Klarna, nearing IPO, wins fintech partnership from Affirm

on Mar17
by | Comments Off on Klarna, nearing IPO, wins fintech partnership from Affirm |

Sebastian Siemiatkowski, CEO of Klarna, speaking at a fintech event in London on Monday, April 4, 2022.

Chris Ratcliffe | Bloomberg via Getty Images

Swedish fintech firm Klarna will be the exclusive provider of buy now, pay later loans for Walmart, taking a coveted partnership away from rival Affirm, CNBC has learned.

Klarna, which just disclosed its intention to go public in the U.S., will provide loans to Walmart customers in stores and online through the retailer’s majority-owned fintech startup OnePay, according to people with knowledge of the situation who declined to be identified speaking about the partnership.

OnePay, which updated its brand name from One this month, will handle the user experience via its app, while Klarna will make underwriting decisions for loans ranging from three months to 36 months in length, and with annual interest rates from 10% to 36%, said the people.

The new product will be launched in the coming weeks and will be scaled to all Walmart channels by the holiday season, likely leaving it the retailer’s only buy now, pay later option by year-end.

The move heightens the rivalry between Affirm and Klarna, two of the world’s biggest BNPL players, just as Klarna is set to go public. Although both companies claim to offer a better alternative for borrowers than credit cards, Affirm is more U.S.-centric and has been public since 2021, while Klarna’s network is more global.

Shares of Affirm fell 13% in morning trading Monday.

Deal sweetener

The deal comes at an opportune time for Klarna as it readies one of the year’s most highly anticipated initial public offerings. After a dearth of big tech listings in the U.S. since 2021, the Klarna IPO will be a key test for the industry. The firm’s private market valuation has been a roller coaster: It soared to $46 billion in 2021, then crashed by 85% the next year amid the broader decline of high-flying fintech firms.

CEO Sebastian Siemiatkowski has worked to improve Klarna’s prospects, including touting its use of generative artificial intelligence to slash expenses and headcount. The company returned to profitability in 2023, and its valuation is now roughly $15 billion, according to analysts, nearly matching the public market value of Affirm.

The OnePay deal is a “game changer” for Klarna, Siemiatkowski said in a release confirming the pact.

“Millions of people in the U.S. shop at Walmart every day — and now they can shop smarter with OnePay installment loans powered by Klarna,” he said. “We look forward to helping redefine checkout at the world’s largest retailer — both online and in stores.”

As part of the deal, OnePay can take a position in Klarna. In its F-1 filing, Klarna said it entered into a “commercial agreement with a global partner” in which it is giving warrants to purchase more than 15 million shares for an average price of $34 each. OnePay is the partner, people with knowledge of the deal confirmed.

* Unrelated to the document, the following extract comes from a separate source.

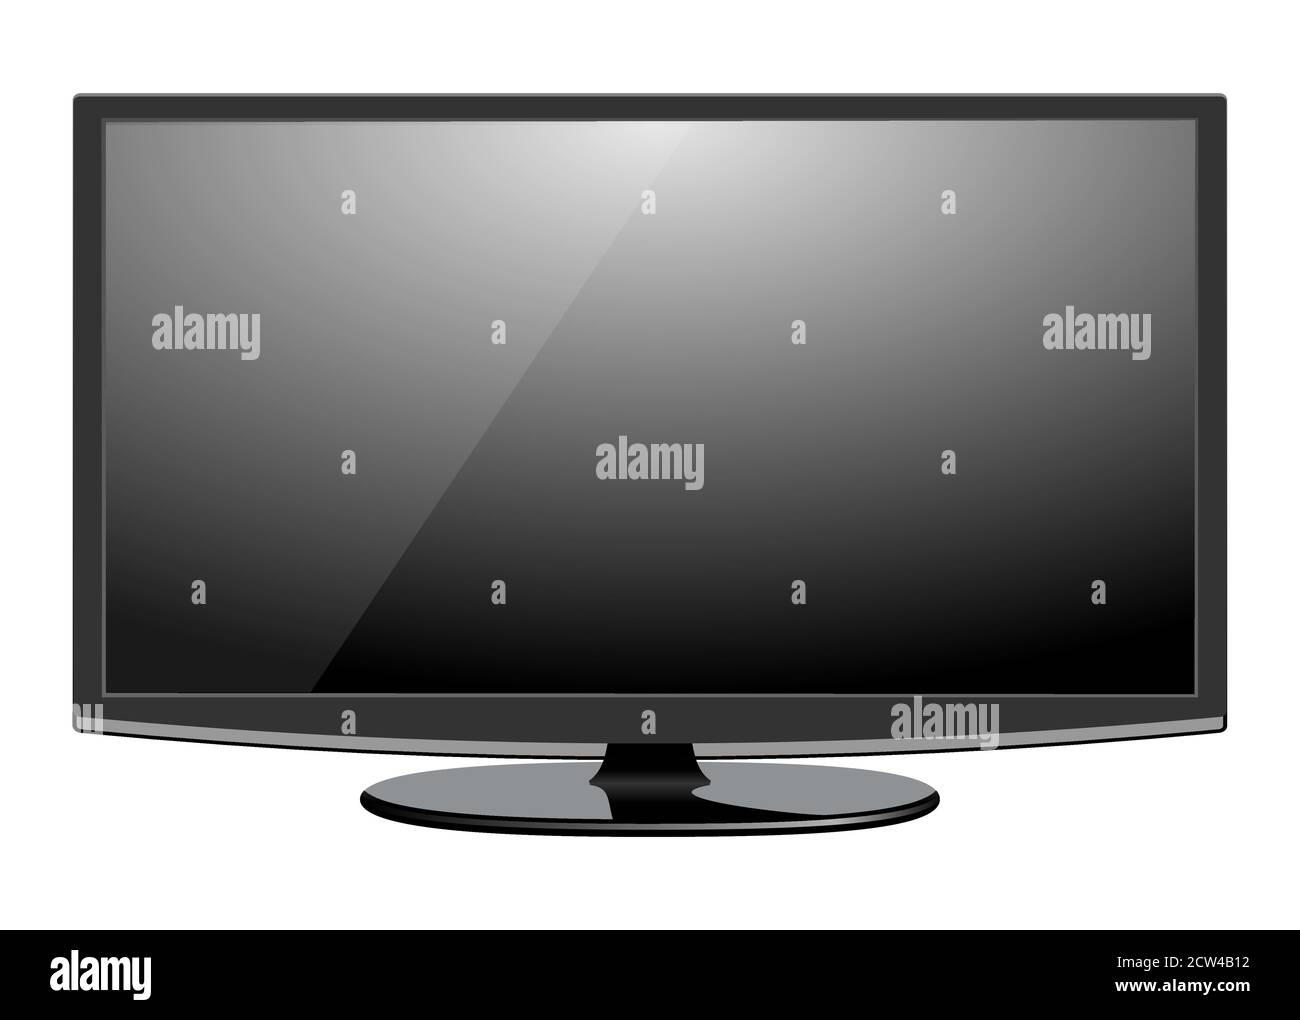 Led screen background Cut Out Stock Images & Pictures - Alamy
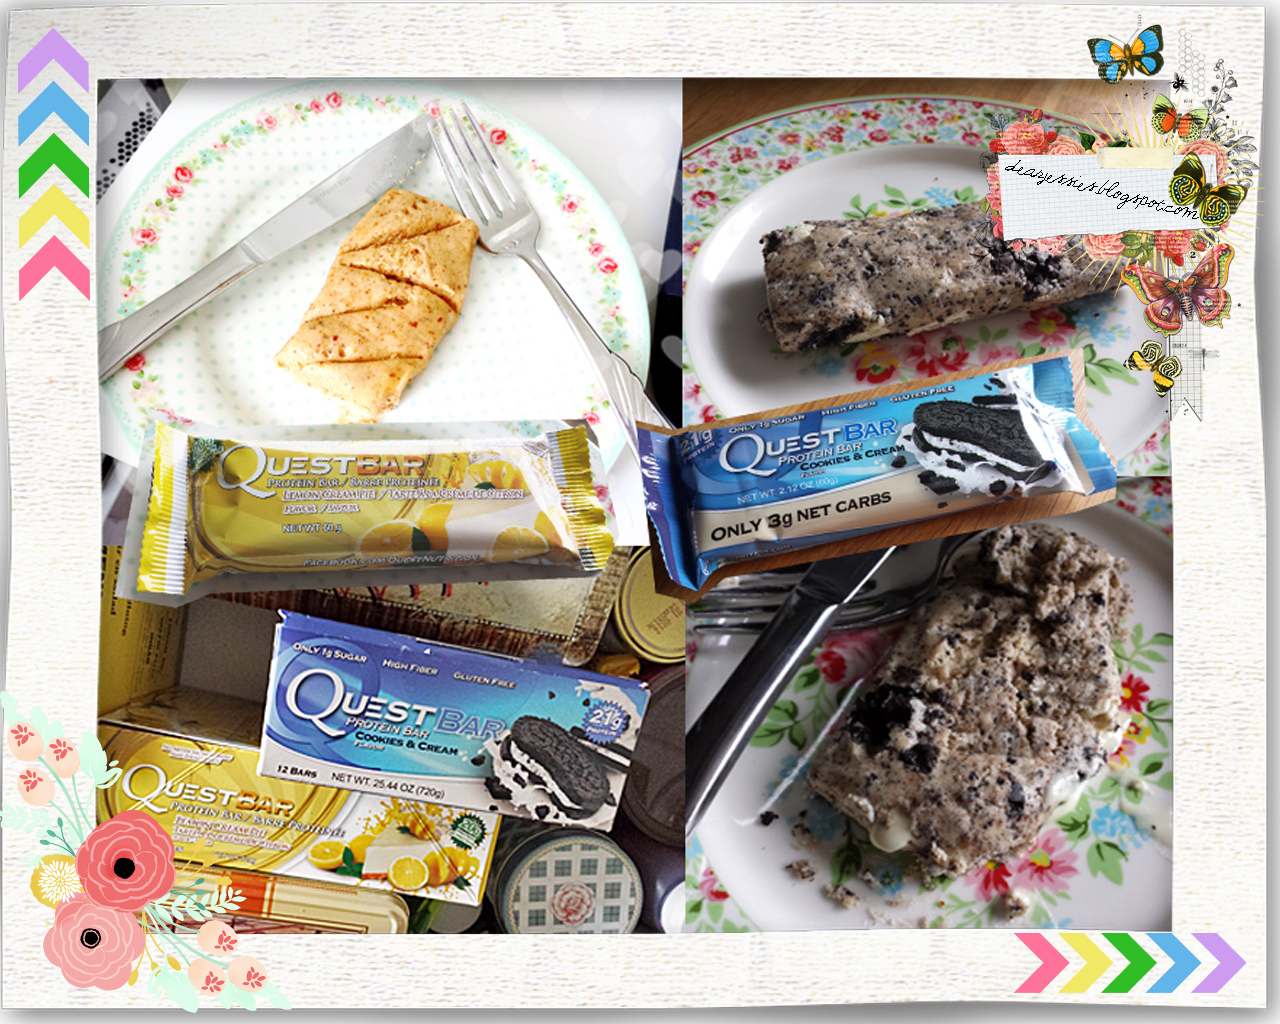 #cheatclean, Questbars, Quest, Quest cookies and cream

For Affirm, the move is likely to be seen as a blow at a time when tech stocks are particularly vulnerable. Run by CEO Max Levchin, a PayPal co-founder, the company’s stock has surged and fallen since its 2021 IPO. The lender’s shares have dipped 18% this year before Monday.

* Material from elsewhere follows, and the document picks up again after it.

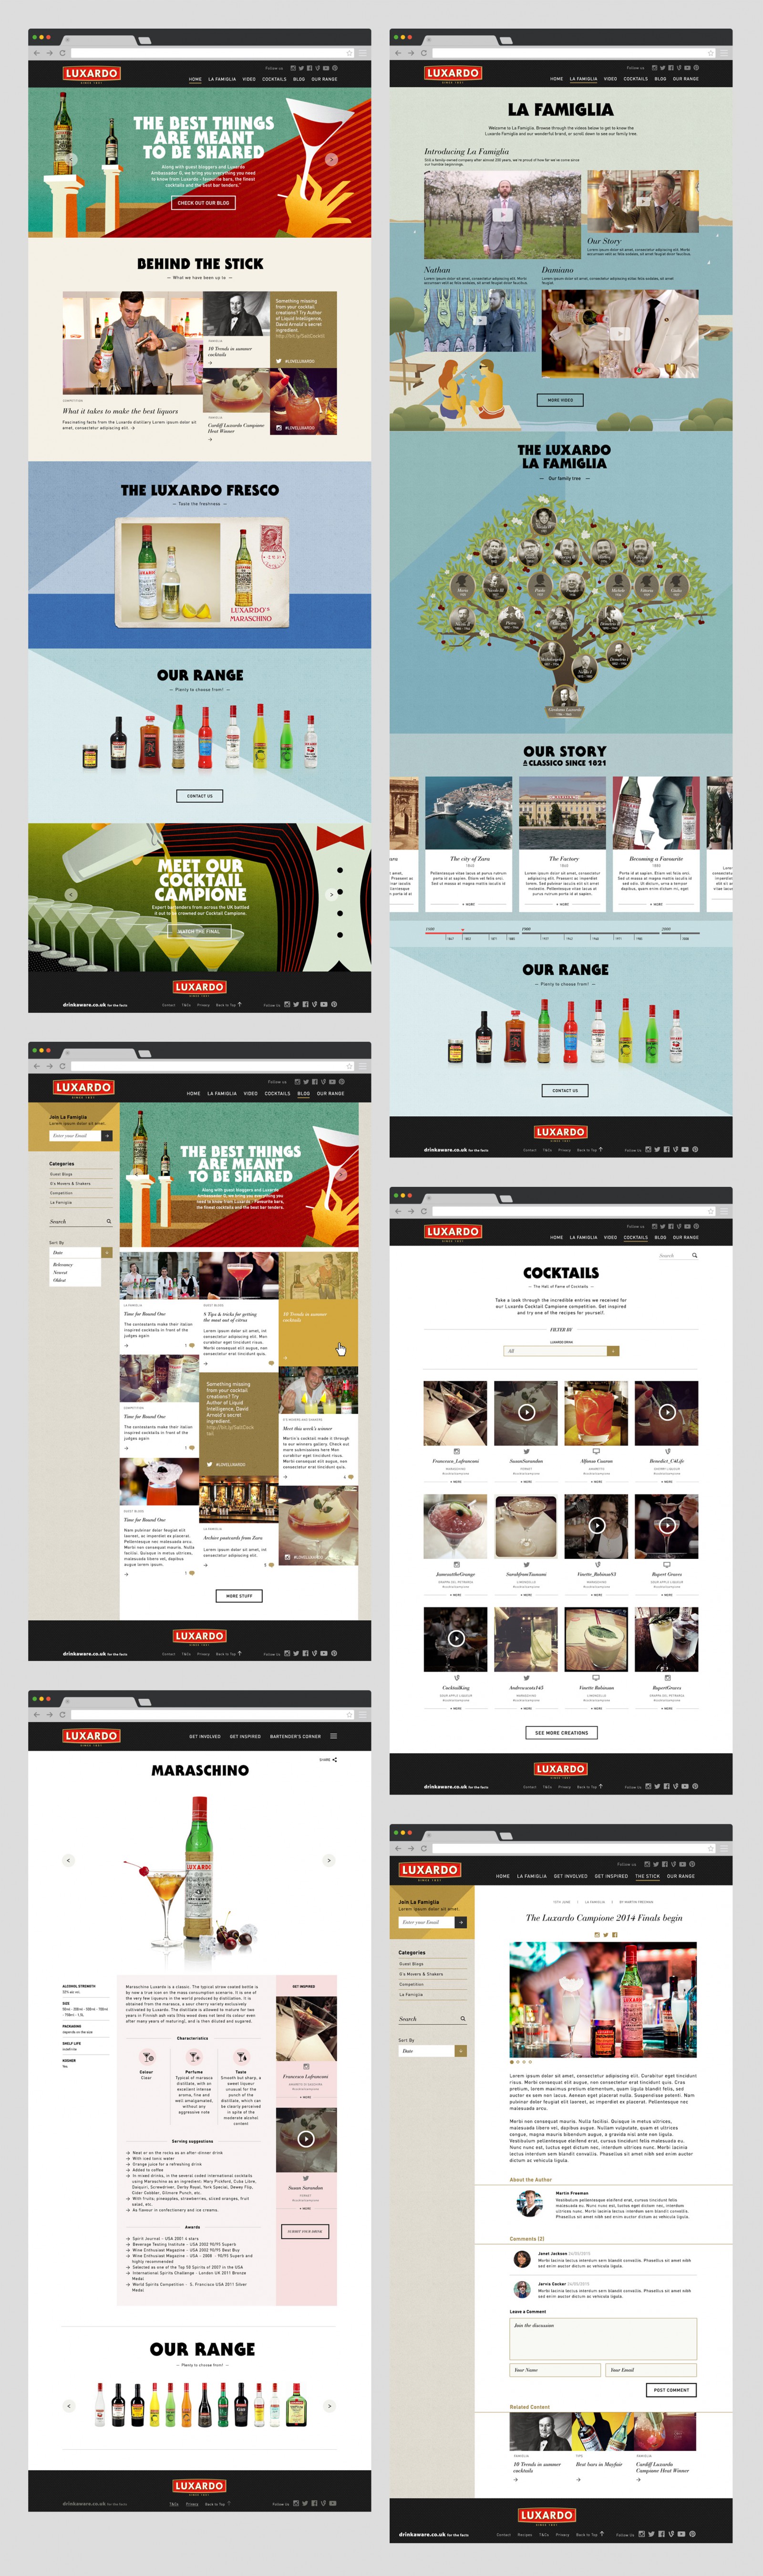 Luxardo Cocktails Design Refresh - Secondary Full Width Image

Affirm executives frequently mention their partnerships with big merchants as a key driver of purchase volumes and customer acquisition. In November, Affirm’s chief revenue officer, Wayne Pommen, referred to Walmart and other tie-ups including those with Amazon, Shopify and Target as its “crown jewel partnerships.”

An Affirm spokesman had this statement: “We win business when merchants want superior performance and maximum value, given our underwriting and capital markets advantages. We will continue our long-term strategy of competing on our products and entering into sustainable partnerships.”

Everything app

The Walmart logo is displayed outside their store near Bloomsburg.

Paul Weaver | Lightrocket | Getty Images

OnePay’s push into consumer lending is expected to accelerate its conversion of Walmart customers into fintech app users. Cash-strapped consumers are increasingly relying on loans to meet their needs, and the installment loan is seen as a wedge to also offer users the banking, savings and payments features that OnePay has already built.

Americans held a record $1.21 trillion in credit card debt in the fourth quarter of last year, about $441 billion higher than balances in 2021, according to Federal Reserve Bank of New York data.

“It’s never been more important to give consumers simple and convenient ways to access fair credit at the point of sale,” said OnePay CEO Omer Ismail. “That’s especially true for the millions of people who turn to Walmart every week for everything.”

Next up is likely a OnePay-branded credit card offered with the help of a new banking partner after Walmart successfully exited its partnership with Capital One.

“We’re looking forward to going down this new path where not only can they provide installment credit … but also revolving credit,” Walmart CFO John David Rainey told investors in June.

— CNBC’s MacKenzie Sigalos and Melissa Repko contributed to this report.